WHAT IS EXPECTED: Please transcribe the data below in full. Omit any picture you find in it.

-- PROVIDED DATA follows --

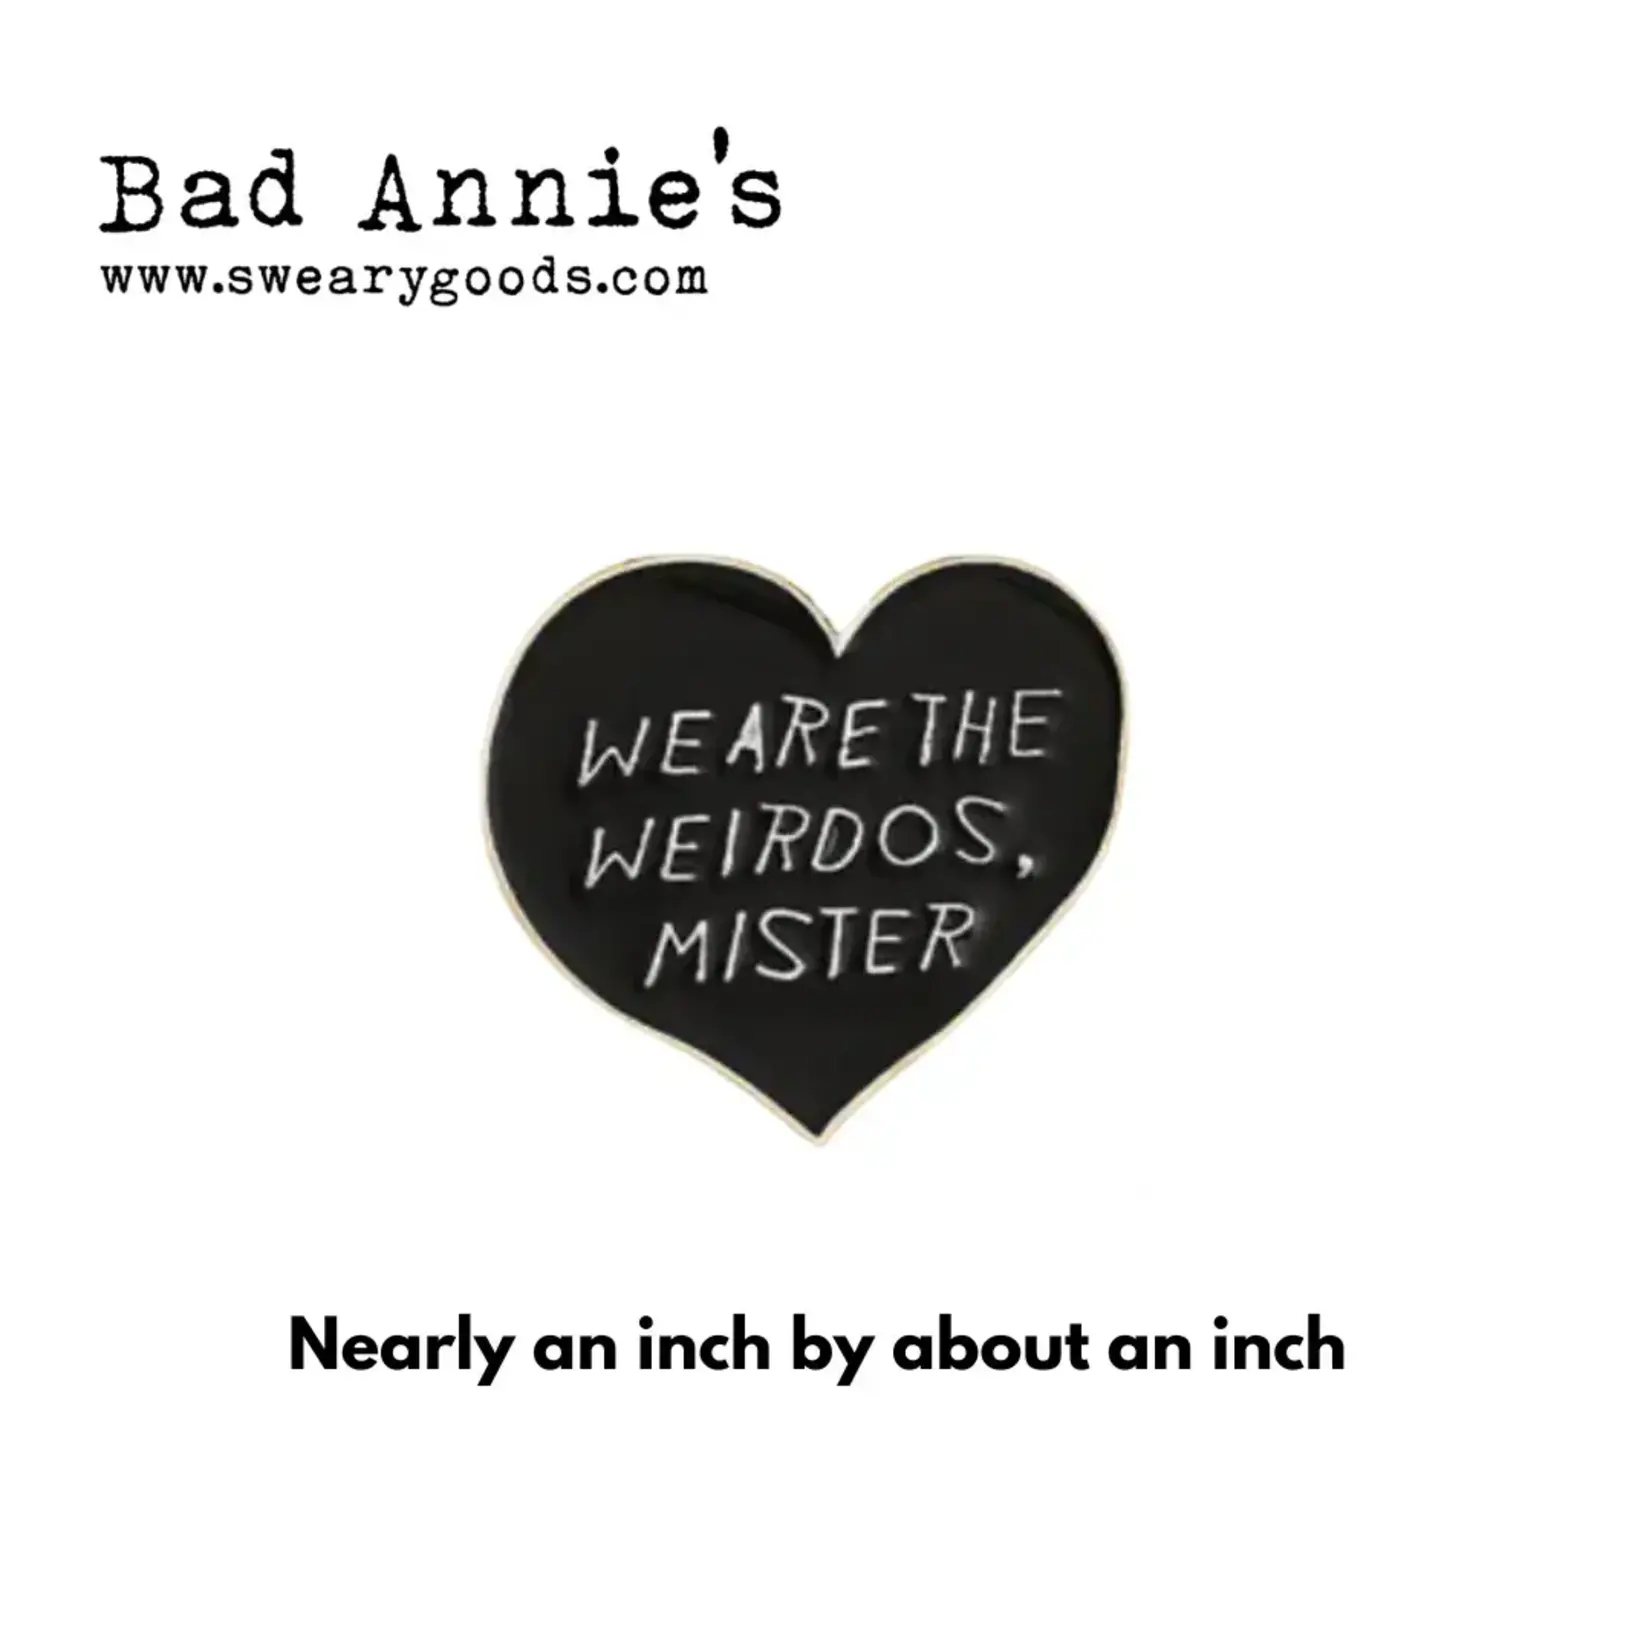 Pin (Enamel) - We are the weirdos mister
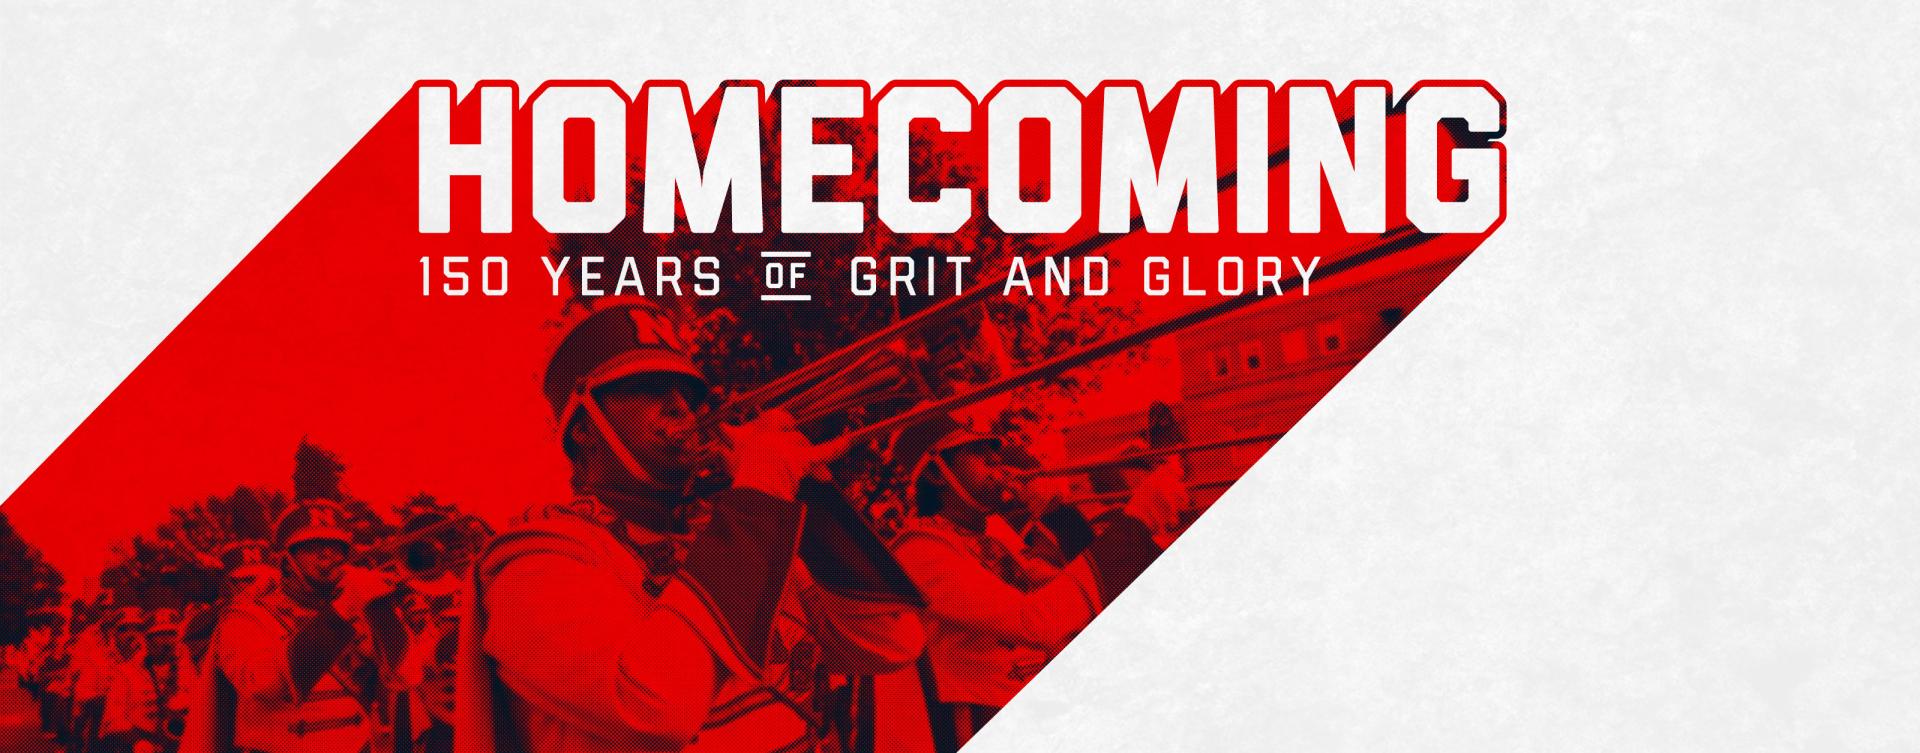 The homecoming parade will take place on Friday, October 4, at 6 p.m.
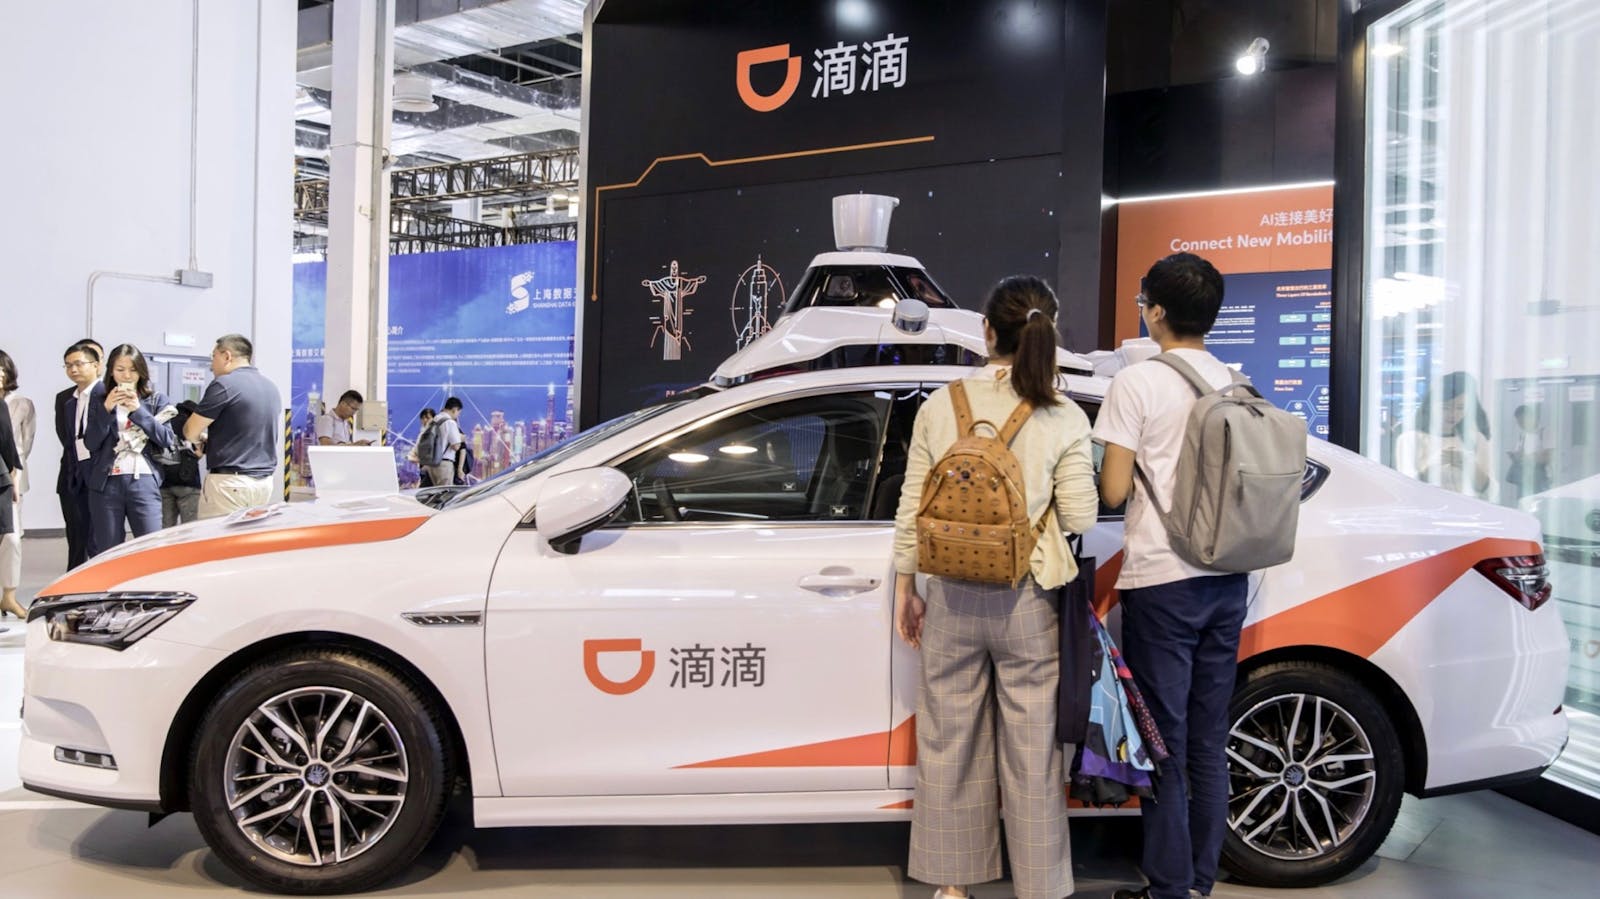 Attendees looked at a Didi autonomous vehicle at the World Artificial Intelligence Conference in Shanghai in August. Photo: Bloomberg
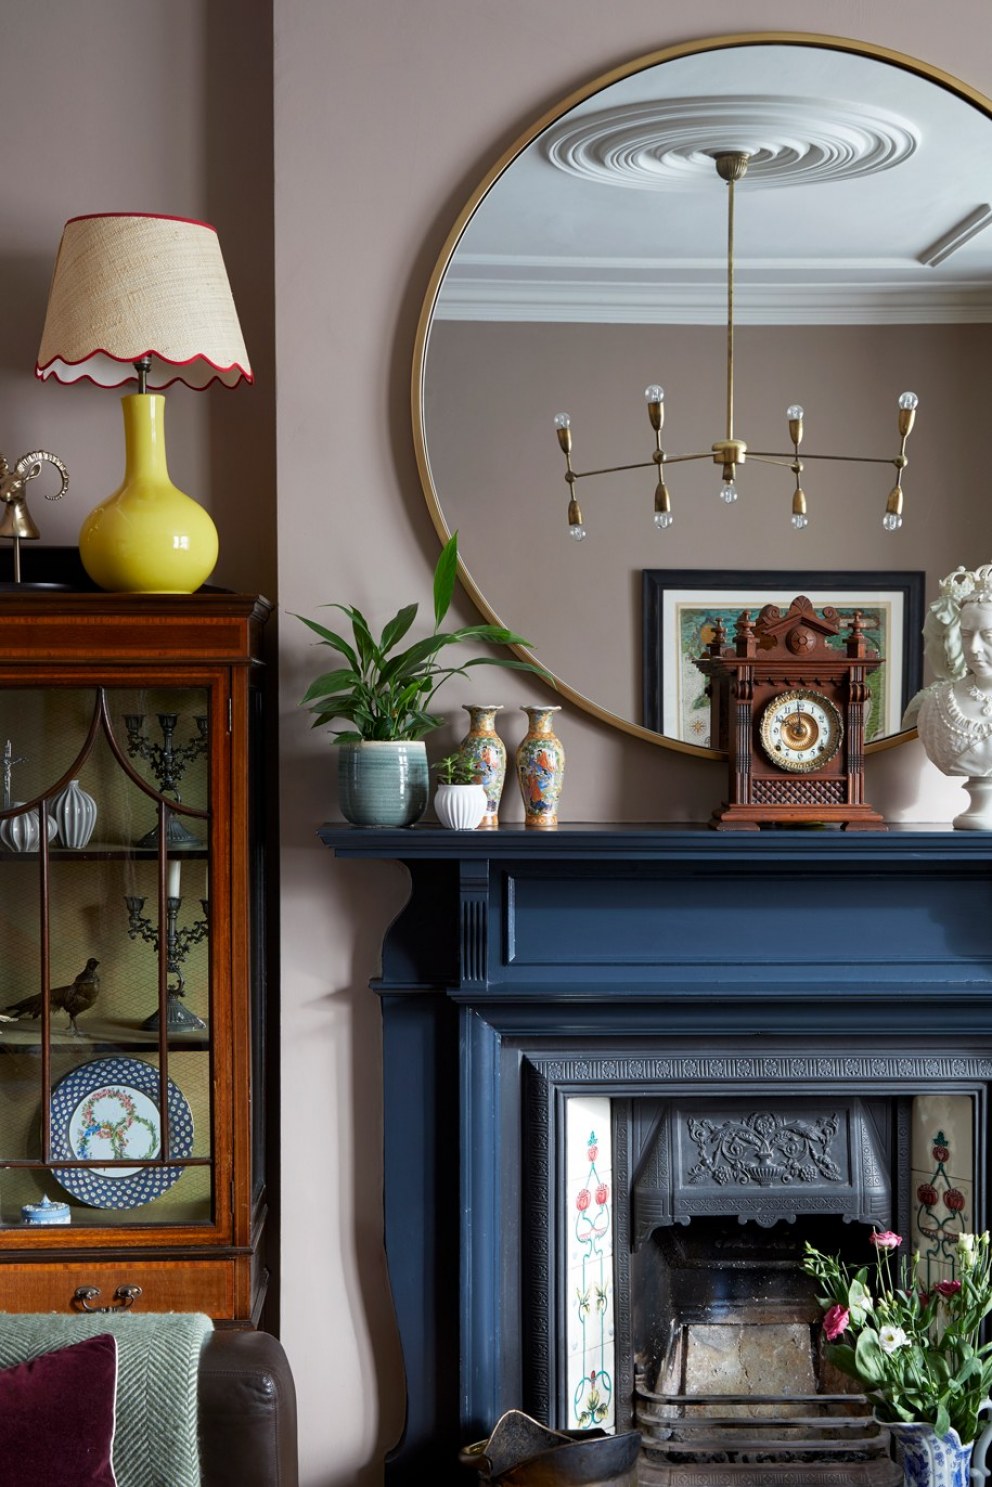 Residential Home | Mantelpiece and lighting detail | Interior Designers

-- PROVIDED DATA concluded --

SOLUTION TO THIS EXERCISE:
 Pin (Enamel) - We are the weirdos mister
 The homecoming parade will take place on Friday, October 4, at 6 p.m.
 Attendees looked at a Didi autonomous vehicle at the World Artificial Intelligence Conference in Shanghai in August. Photo: Bloomberg
 Residential Home | Mantelpiece and lighting detail | Interior Designers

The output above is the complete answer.